**PROBLEM DESCRIPTION**. The listing below must be repeated word for word, with its images excluded.

**STORED DATA**.
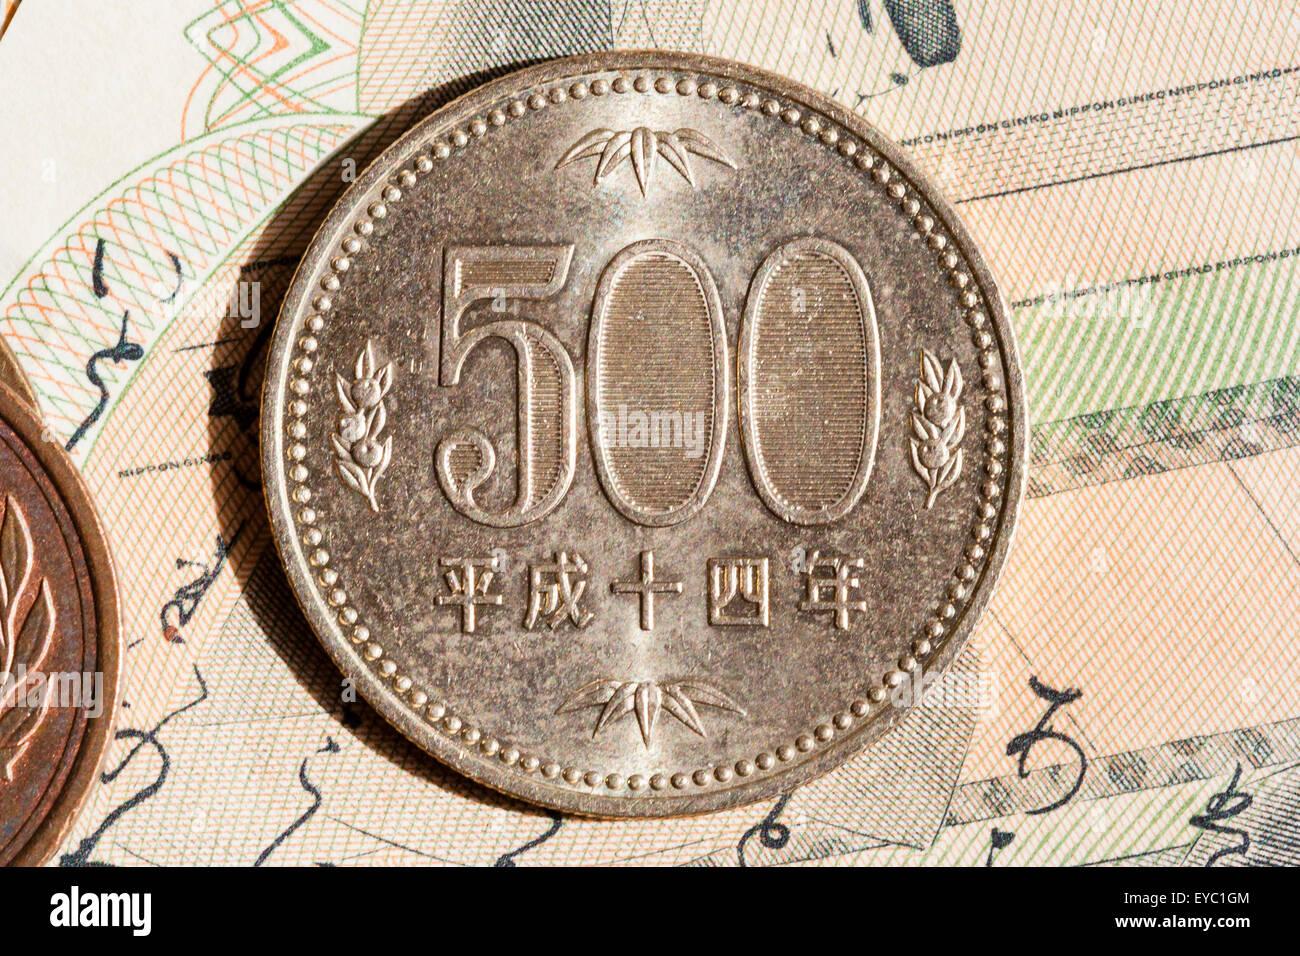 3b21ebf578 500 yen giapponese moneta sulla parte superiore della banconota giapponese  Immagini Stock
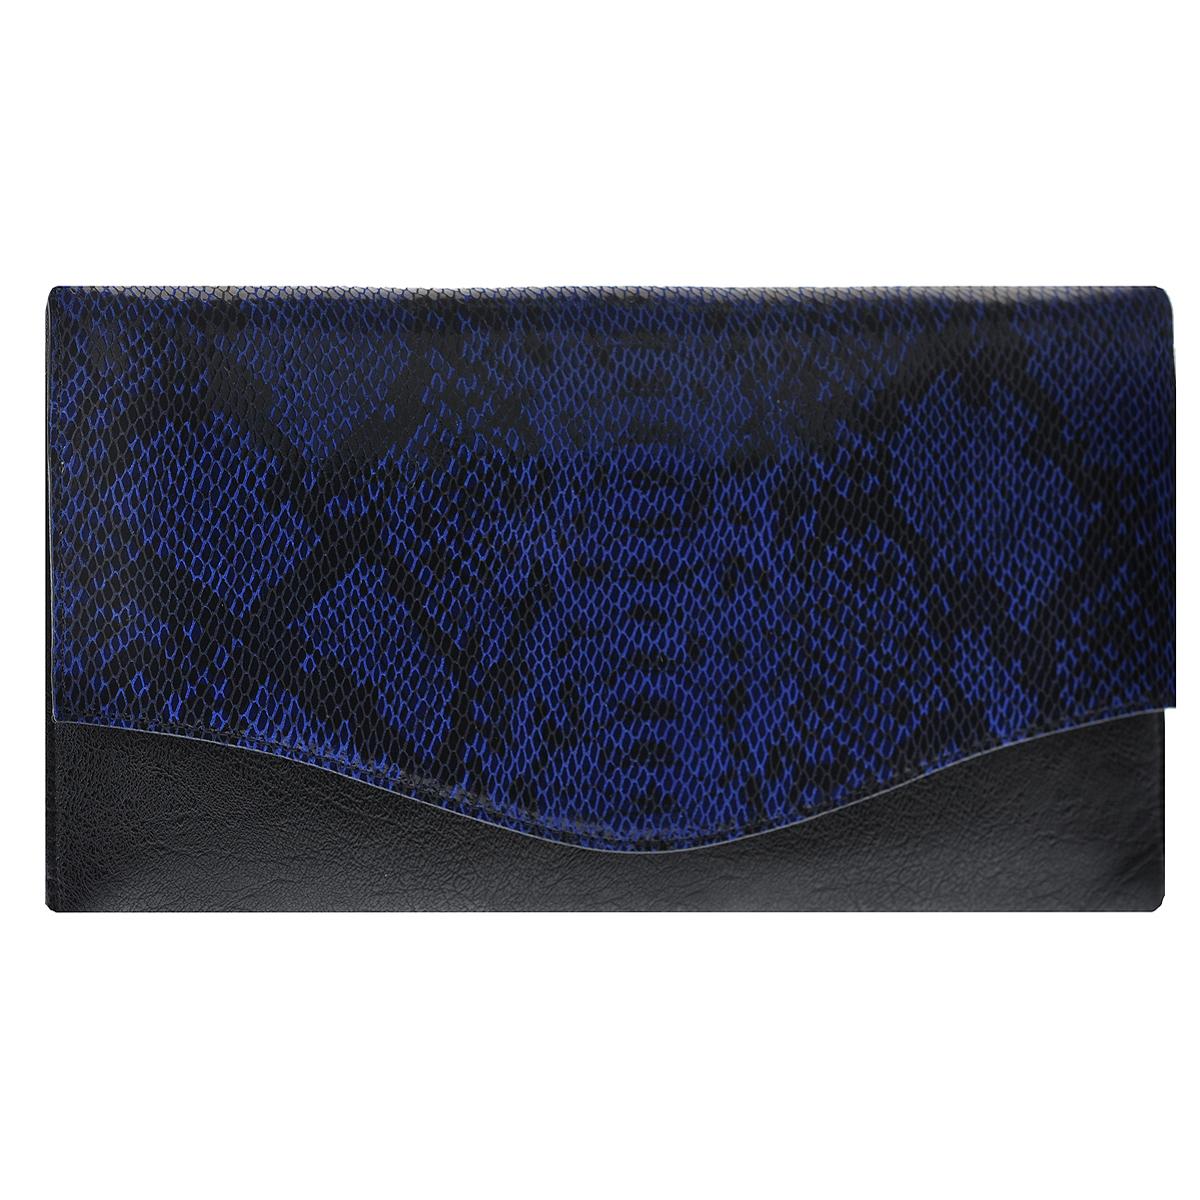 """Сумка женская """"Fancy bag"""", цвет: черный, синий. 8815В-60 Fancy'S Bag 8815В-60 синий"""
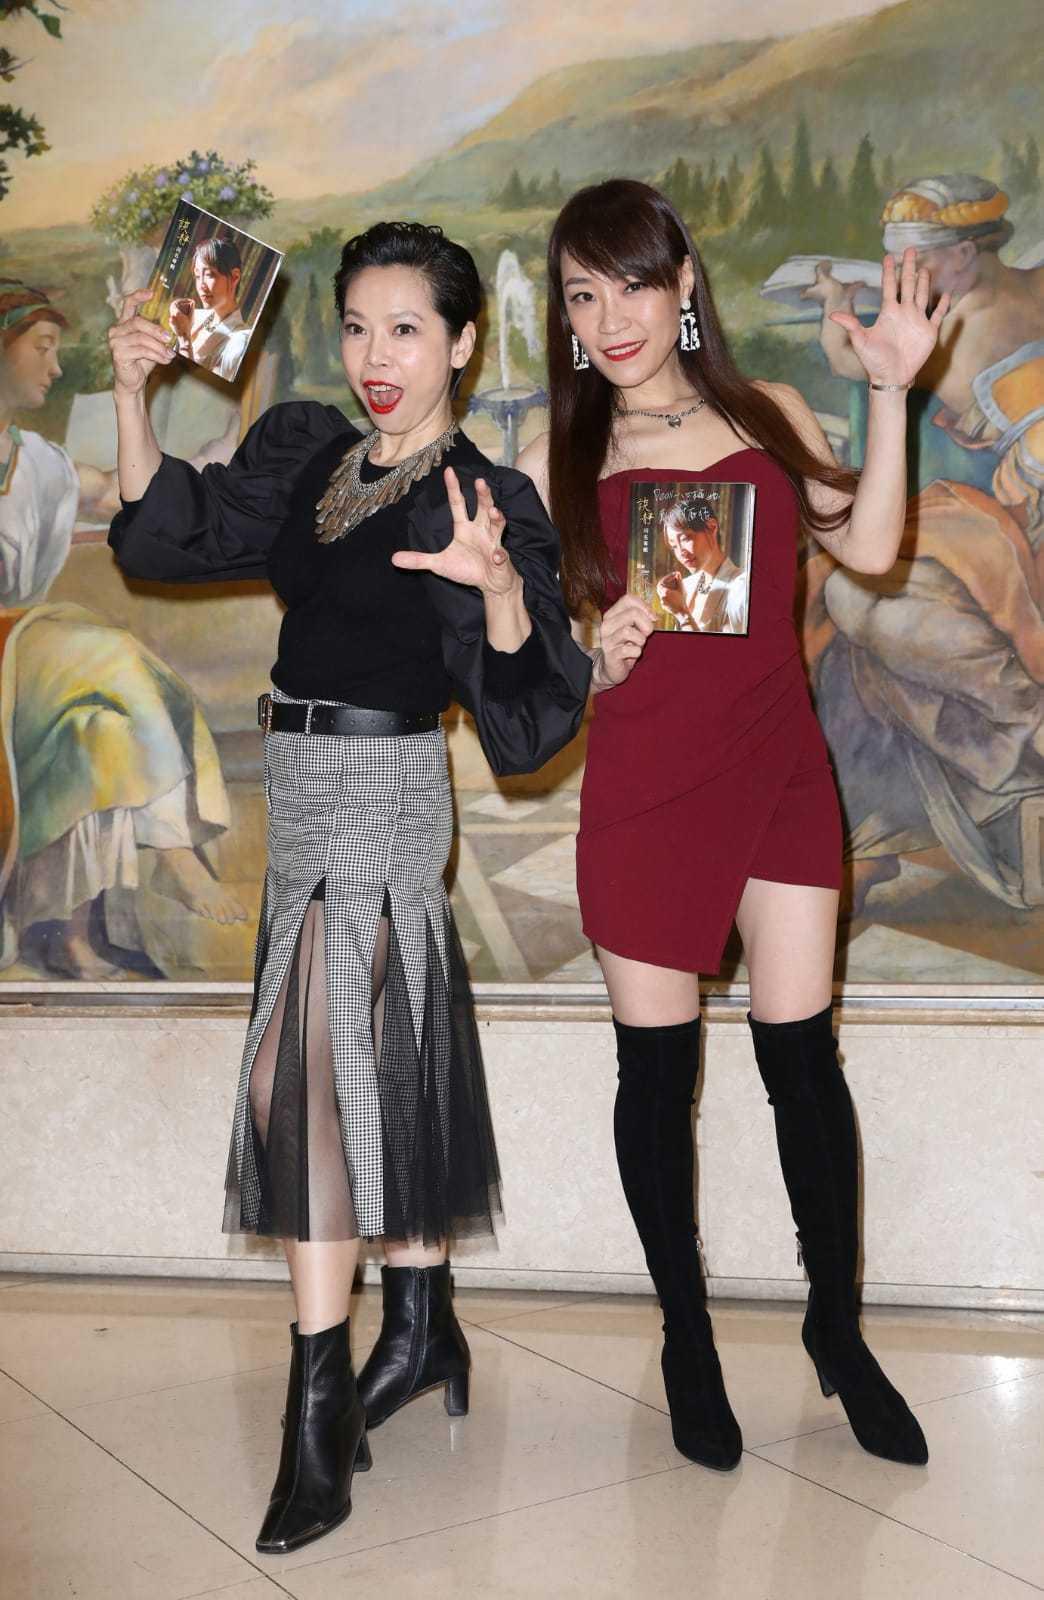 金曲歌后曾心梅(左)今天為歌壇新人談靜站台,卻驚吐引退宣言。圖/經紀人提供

**YOUR SOLUTION**.
 3b21ebf578 500 yen giapponese moneta sulla parte superiore della banconota giapponese  Immagini Stock
 """Сумка женская """"Fancy bag"""", цвет: черный, синий. 8815В-60 Fancy'S Bag 8815В-60 синий"""
 金曲歌后曾心梅(左)今天為歌壇新人談靜站台,卻驚吐引退宣言。圖/經紀人提供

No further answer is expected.